• _Your task_: The answer is the full listing below, copied exactly, with its pictures omitted.

• _Provided data_:
______

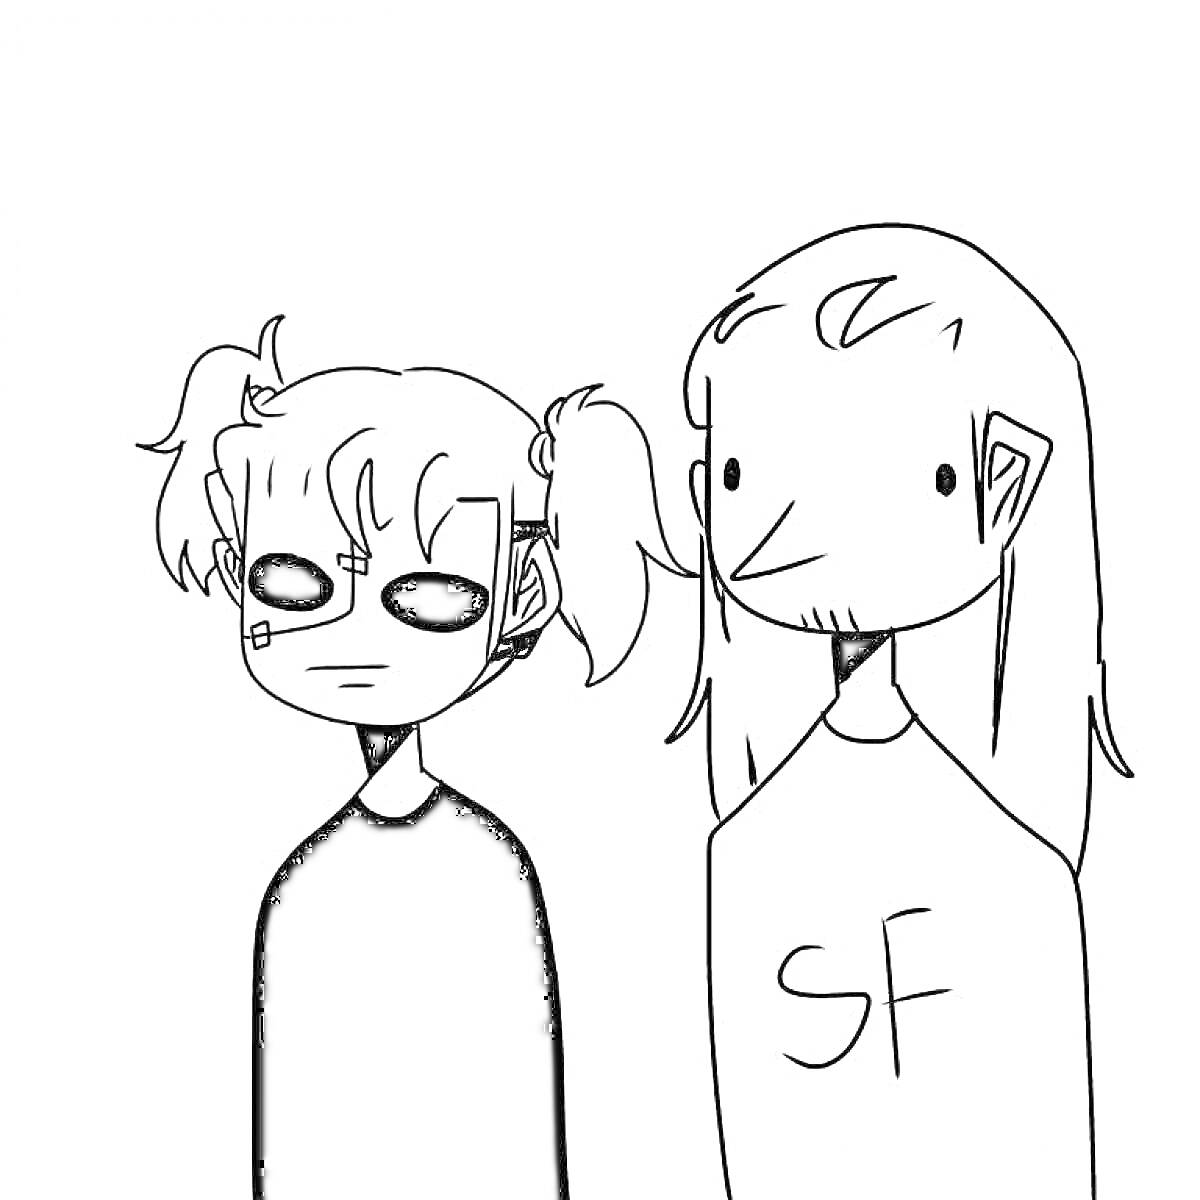 Раскраска двое персонажей с длинными волосами, один с маской и двумя хвостиками, другой с бородой, футболка с надписью SF
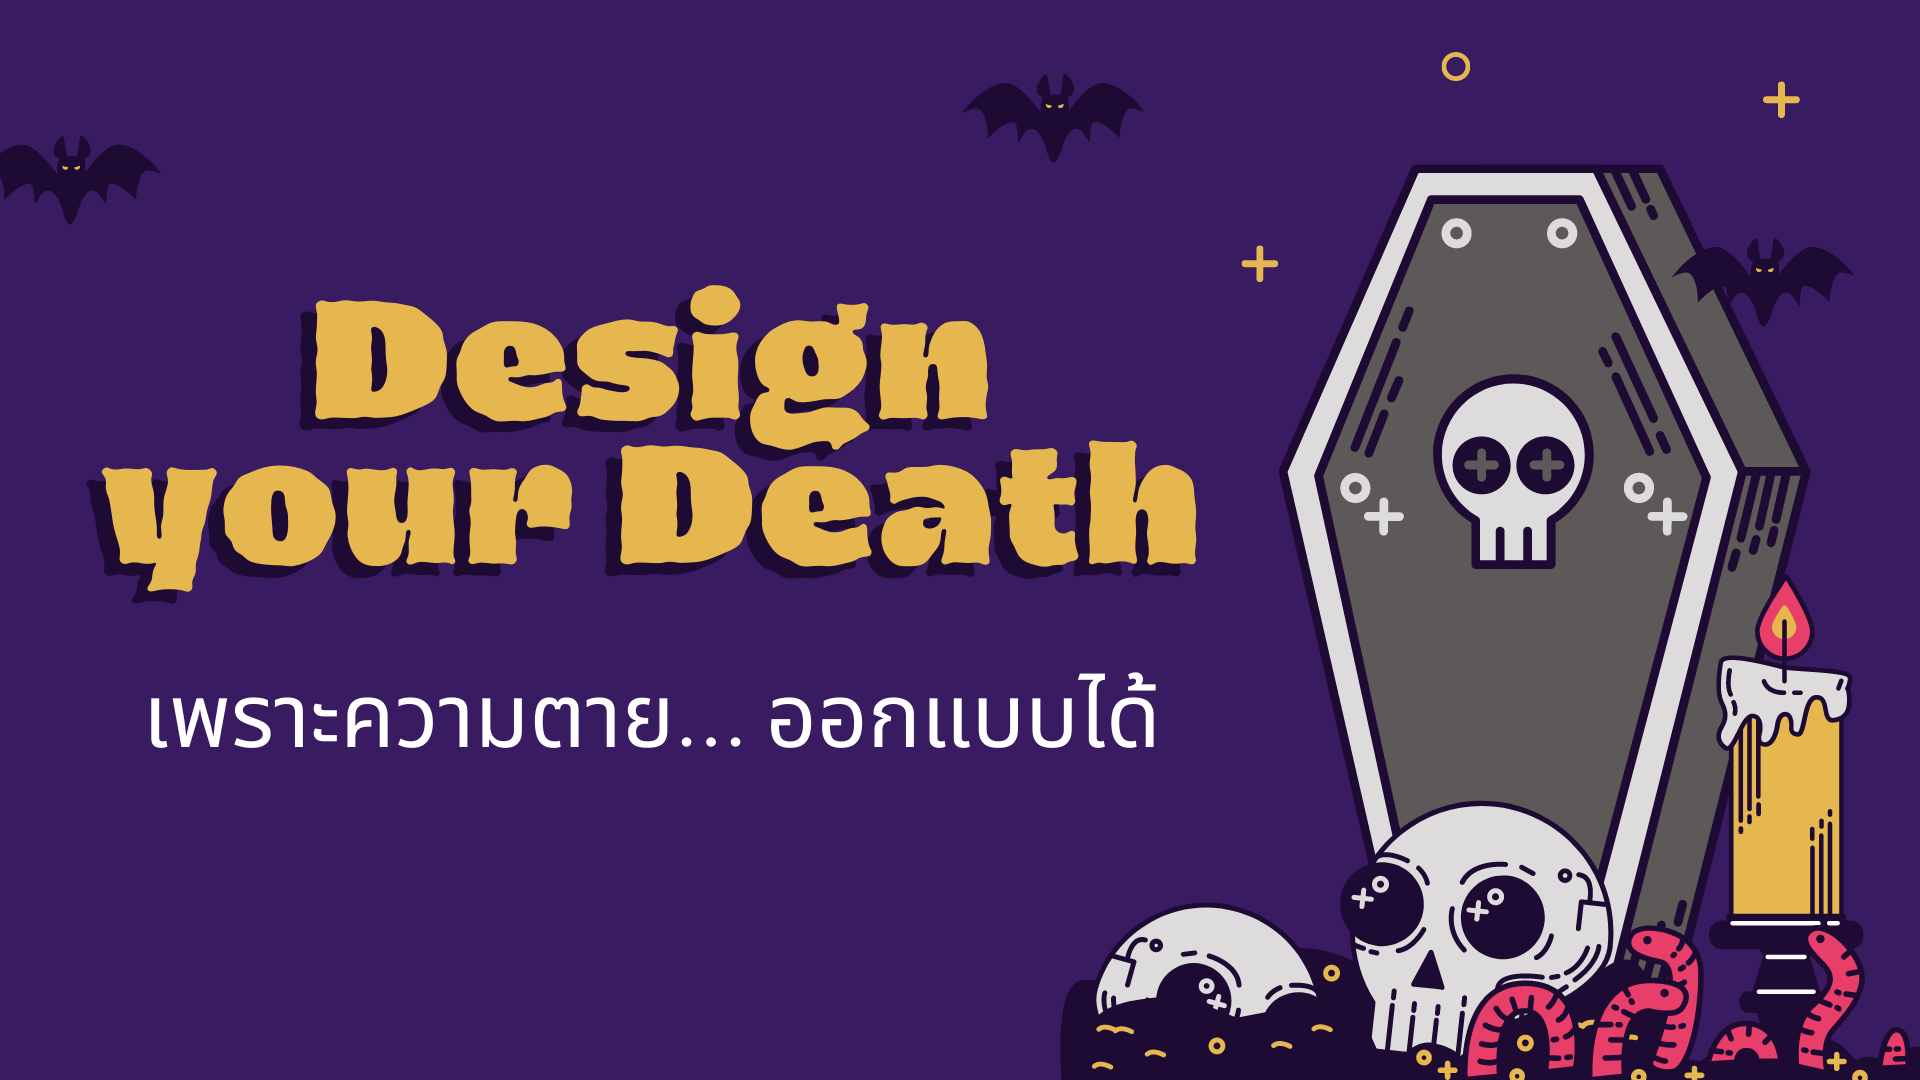 ภาพประกอบไอเดีย กิจกรรมบูรณาการ "Design Your Death เพราะความตาย...ออกแบบได้"
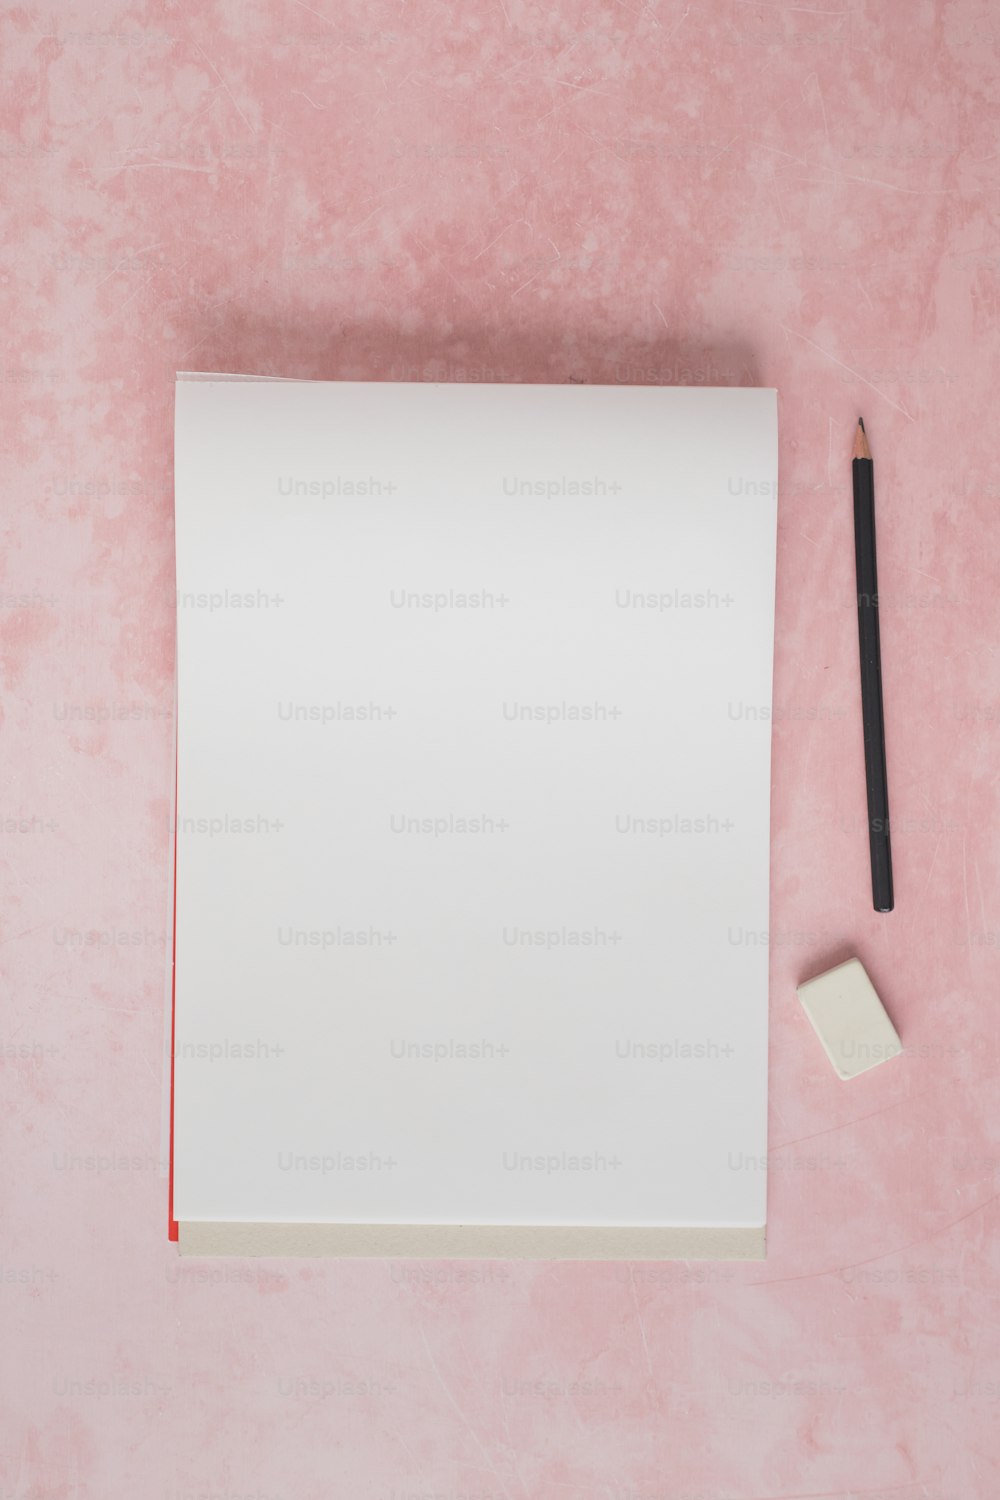 um pedaço de papel e um lápis sobre uma superfície rosa
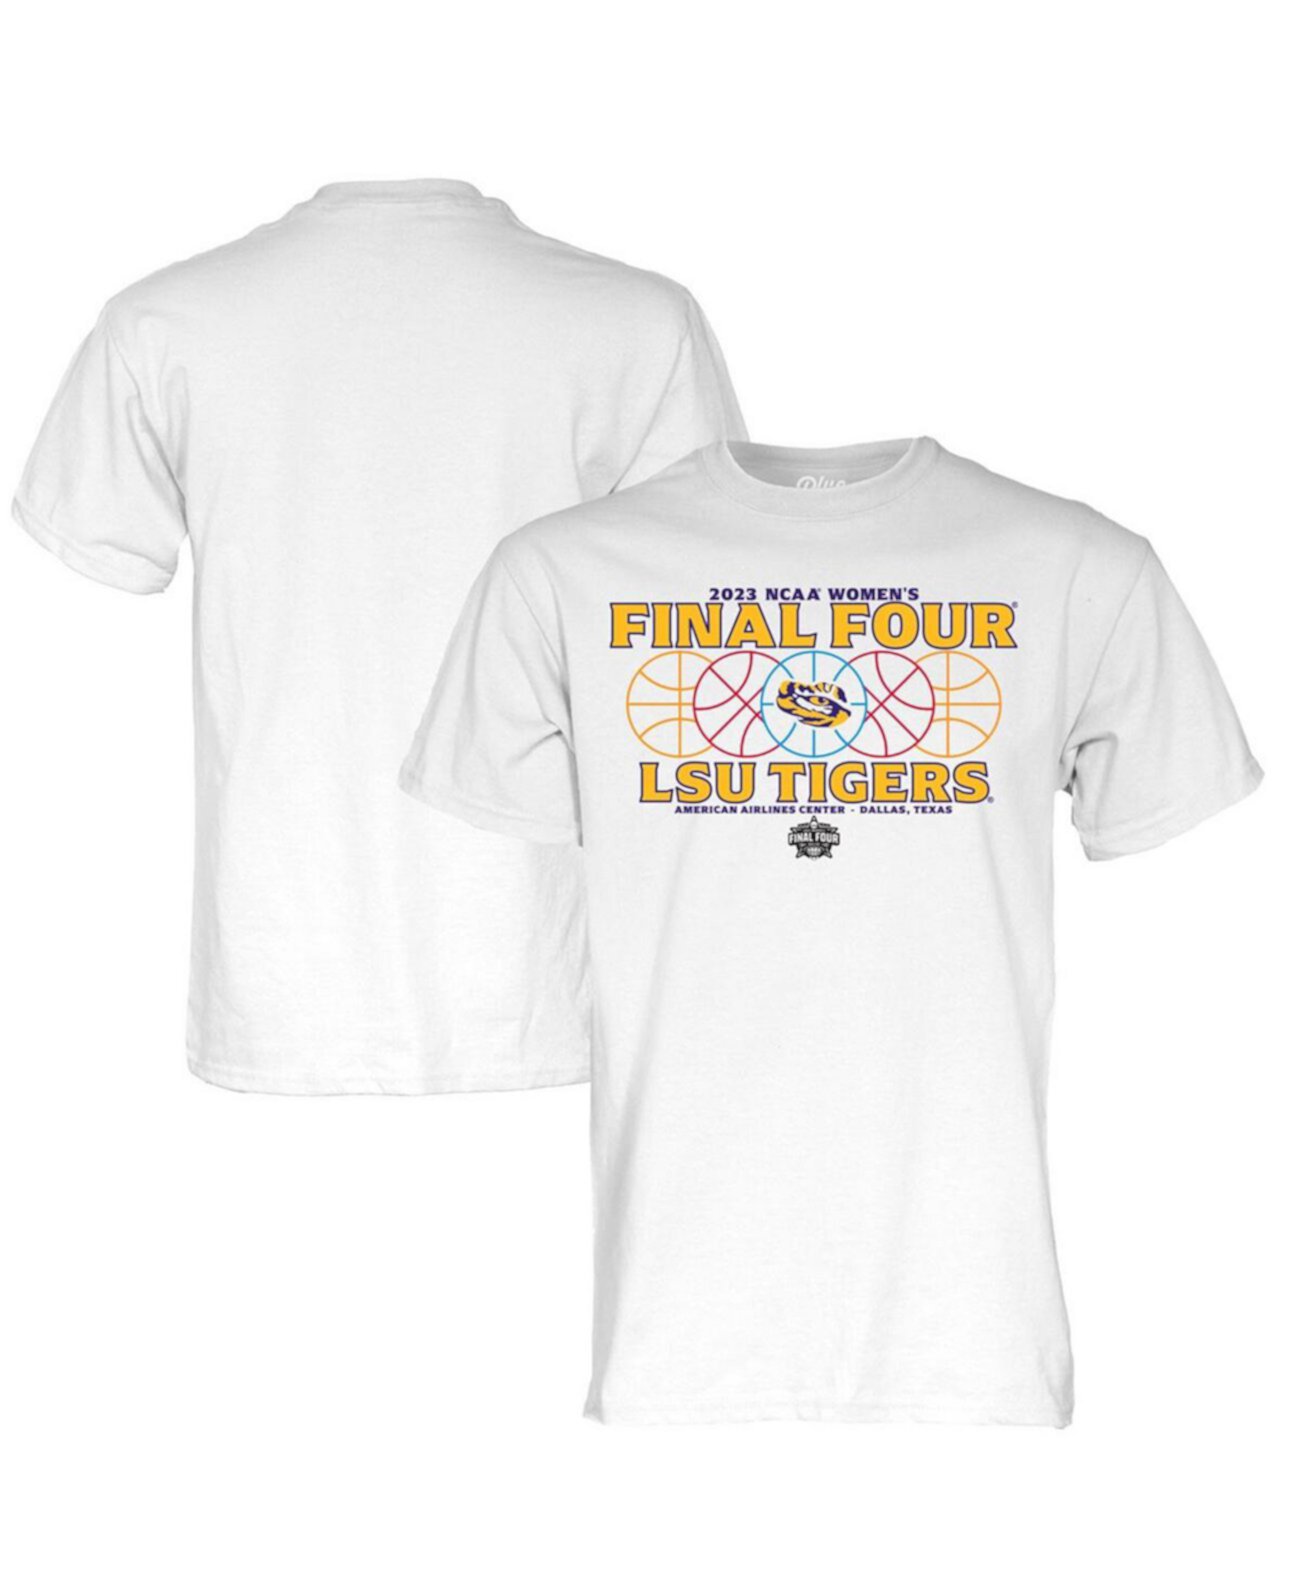 Мужская белая футболка LSU Tigers 2023 NCAA для женского баскетбольного турнира March Madness Final Four Gear Blue 84

______

• _Solution_:
 Раскраска двое персонажей с длинными волосами, один с маской и двумя хвостиками, другой с бородой, футболка с надписью SF
 ภาพประกอบไอเดีย กิจกรรมบูรณาการ "Design Your Death เพราะความตาย...ออกแบบได้"
 um pedaço de papel e um lápis sobre uma superfície rosa
 Мужская белая футболка LSU Tigers 2023 NCAA для женского баскетбольного турнира March Madness Final Four Gear Blue 84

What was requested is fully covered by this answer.